Since even those with advanced canoe skills can fall prey to dangerous weather and powerful wind, you should make sure you wear a personal flotation device every time you go out in your canoe.
Since capsizing is a very real danger, outfitting your canoe with waterproofing in mind can really give you an edge on a cold day. Invest in some waterproof bags and cases where you can keep a knife, live bait, and fishing line. Furthermore, an extra set of clothes in a waterproof bag can be invaluable after capsizing in freezing weather.
Even though you can buy cases and bags for pretty much anything from first-aid kits to iPods, an angler on a budget can even use some heavy-duty zipper-top plastic bags.
Consider the security of your items
Carabiners and bungee cords are great things to have for securing items to the side of the canoe, both on the inside and the outside. This can come in very handy when turning the boat over or even when running low on certain things.
It’s also important to keep an extra paddle or two in the boat, just to be on the safe side. Some fishers find paddle leashes annoying because they are so easily tangled in a fly line, so they instead opt for enough paddle clips or bungee cord attachments to accommodate all the boat’s paddles.
Clipping things is not only great for the security of your items but this will also make your canoe quieter since gear rolling around on its bottom can easily scare the fish away with their sensitive senses.
Another tip is about positioning: when considering where to secure items in your boat, think about the overall weight balance since good balance will contribute to better performance and maneuverability for your canoe.
First and foremost, however, you will need a rod holder to keep your rod secure and close if a fish happens to bites when you are paddling, while this will also help you avoid a tangled line.

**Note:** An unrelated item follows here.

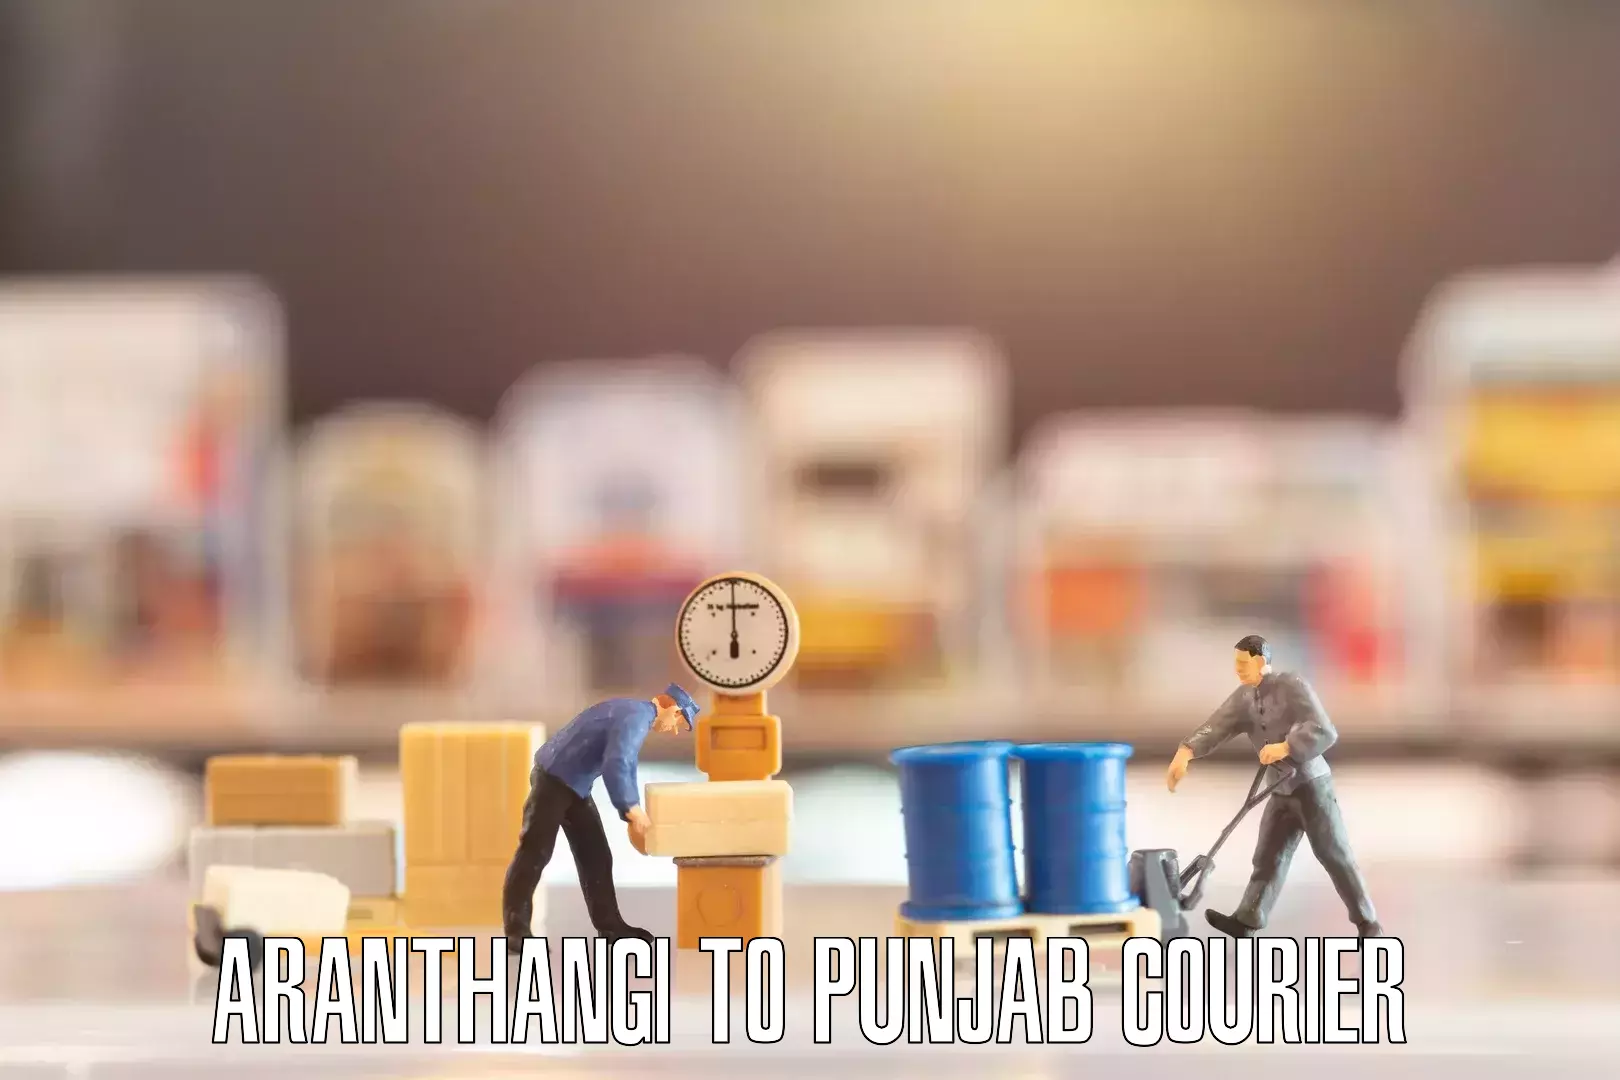 Residential moving experts Aranthangi to Punjab

Consider adding anchors and motors
Because canoes are among the most susceptible boats to wind and tipping, you may find battling a fish in them to be quite a challenge. If you are in a two-person canoe, your partner can paddle while you overpower the fish. However, if you’re out by yourself, it wouldn’t hurt if you’ve mastered the art of staying low and close to the center of the boat.
Another viable option would be to add a small motor to your floating friend, especially for square-back canoes. While it may be helpful in a river with a quick current, keep in mind that it may also scare the fish away so you should choose to employ it once you’re already battling one.

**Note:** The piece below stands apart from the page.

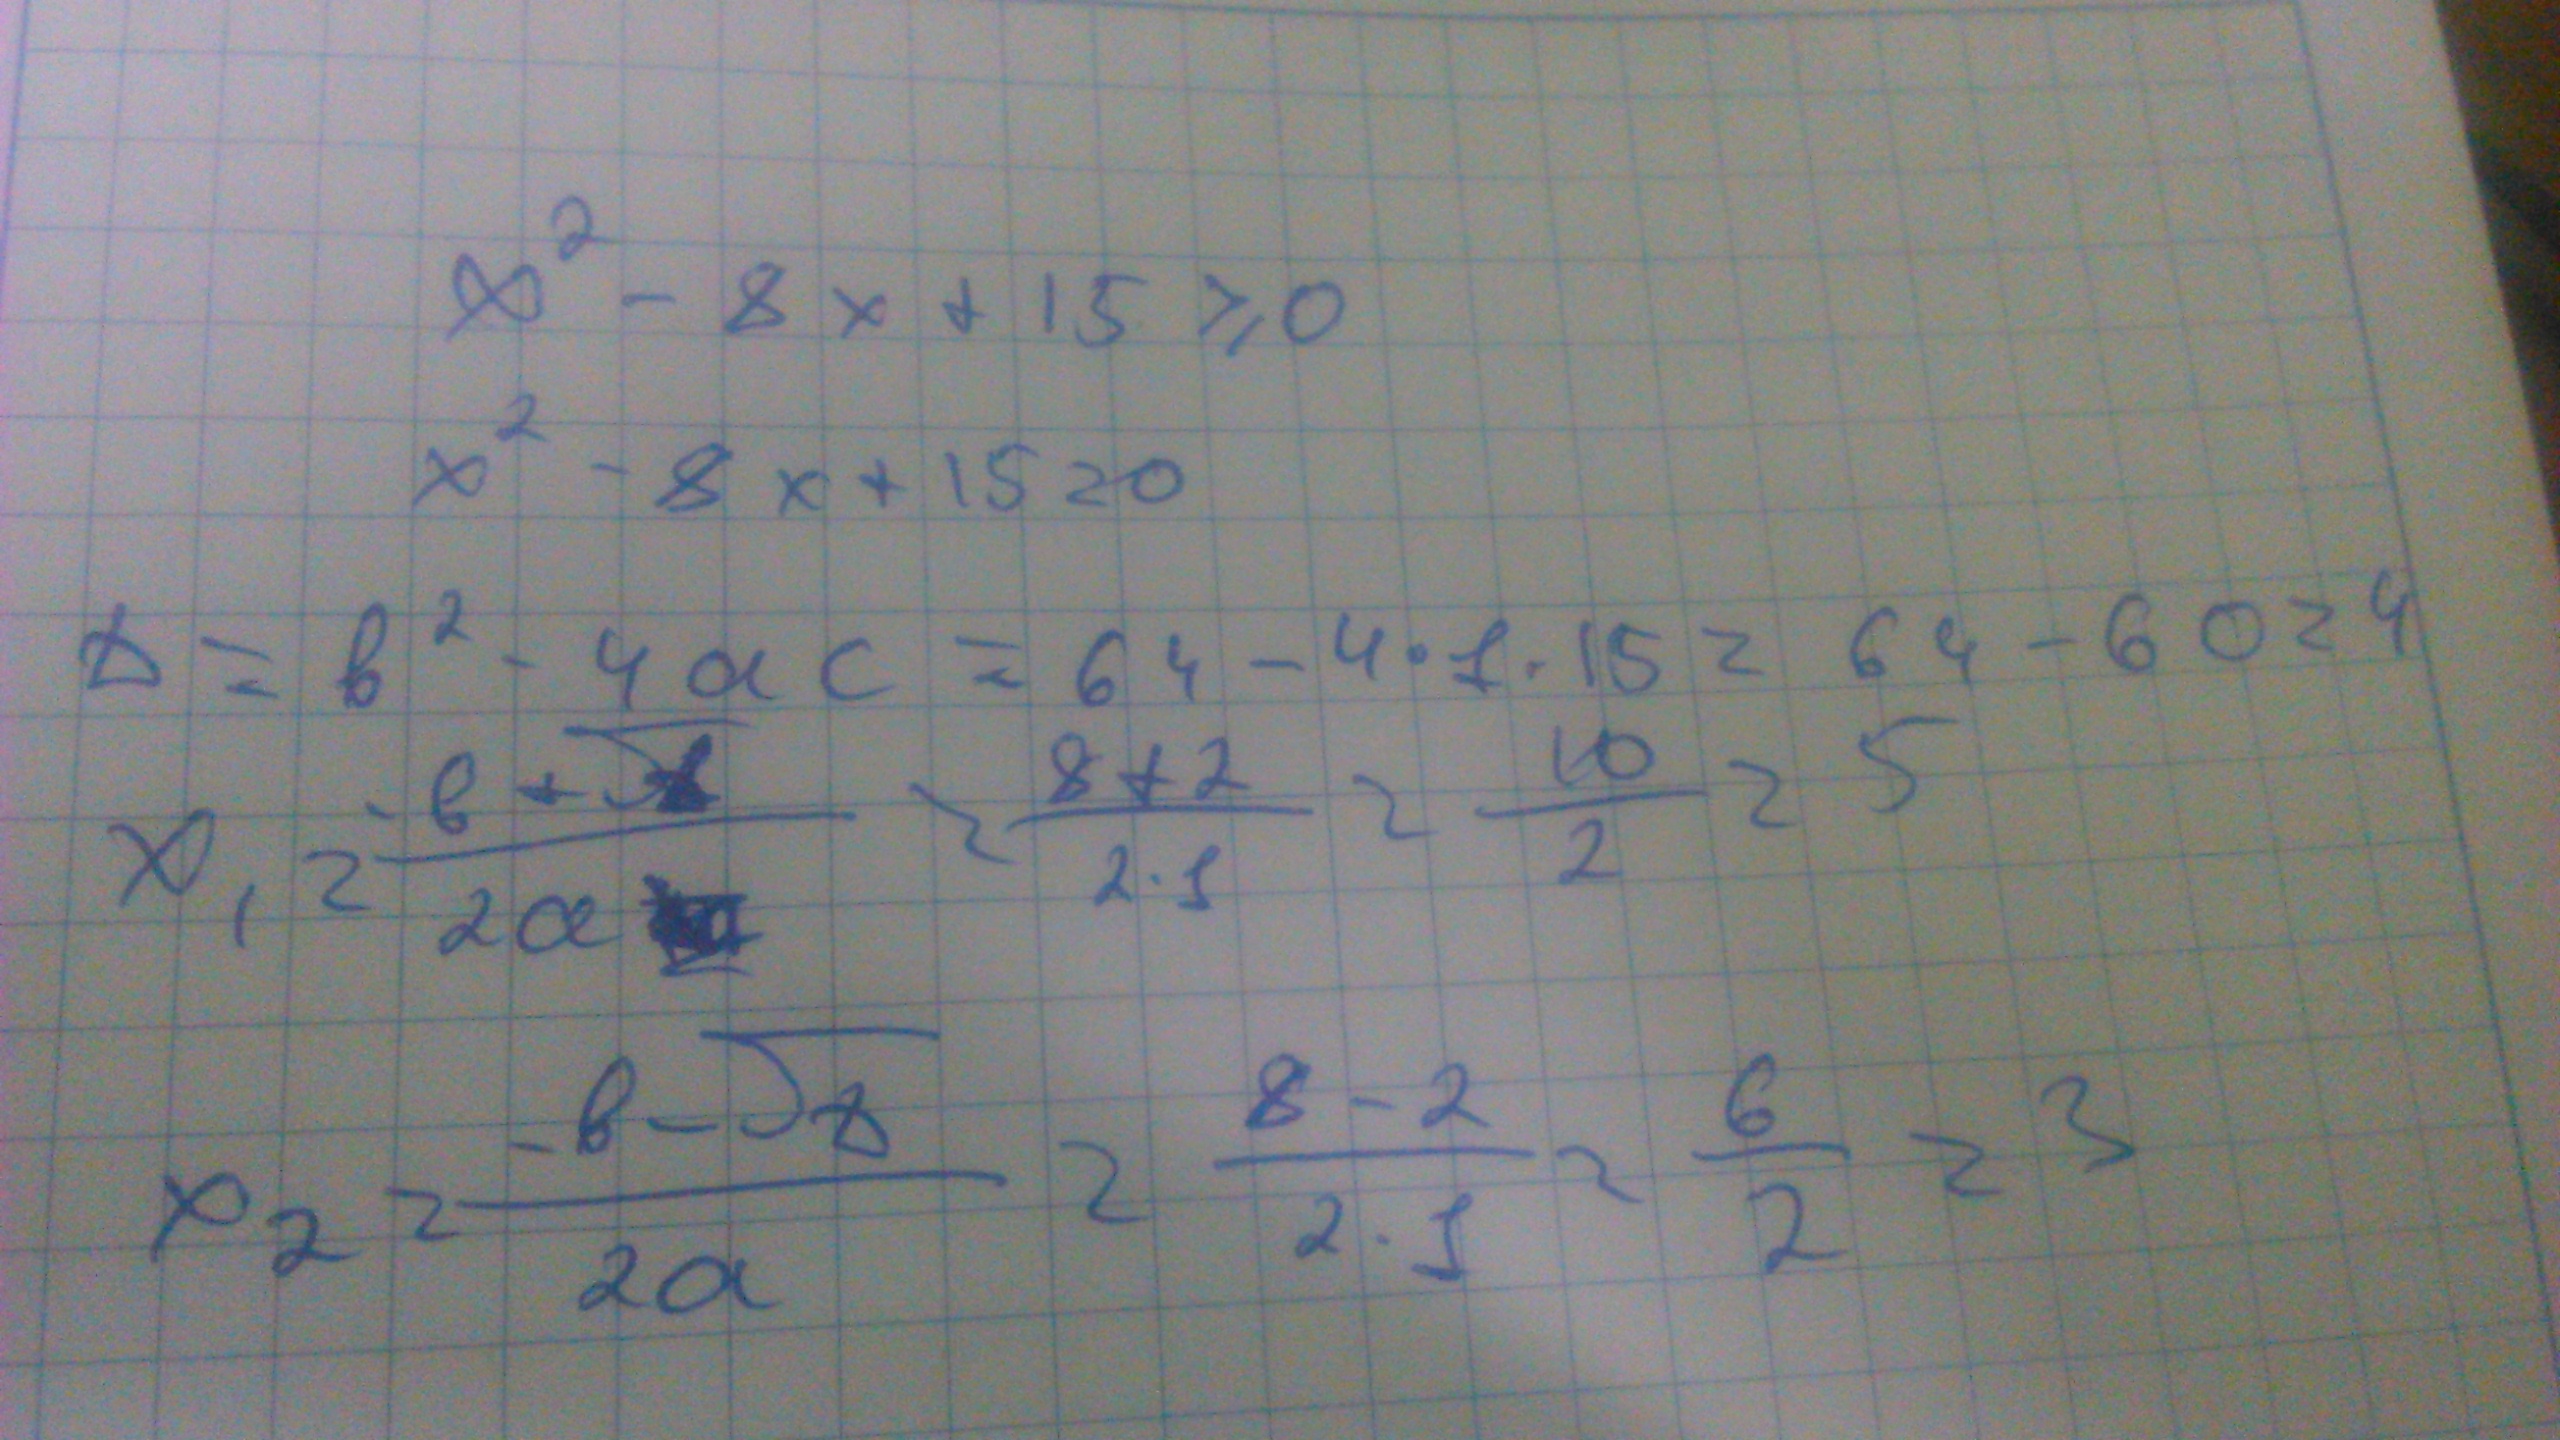 X2 8x 15 x 3. 2(Х+8)=2х+15. Х2+8х+15. Х 0 2х 8/15. Х2-2х-15=0.

There are plenty of anchor systems available for purchase, even though experts say you can easily make your own. One of the more popular options for this is to use ash wood with anchor hardware and secure it to the handle on the stern.
Consider your comfort
Since fishing is all about patience and taking your time, you may find yours to run quite thin if you are uncomfortable in your vessel. Therefore, while comfortable seating may seem like a luxury to some, serious anglers know that it’s very important if you hope to be out for more than a couple of hours.
If your canoe was designed only with a bare bench, you should think about installing a cushioned backed seat. Since some fishers prefer to kneel, you may also consider getting some adhesive kneeling pads. If you’re into this, a carpet could also be a nice addition since it will also soundproof your canoe.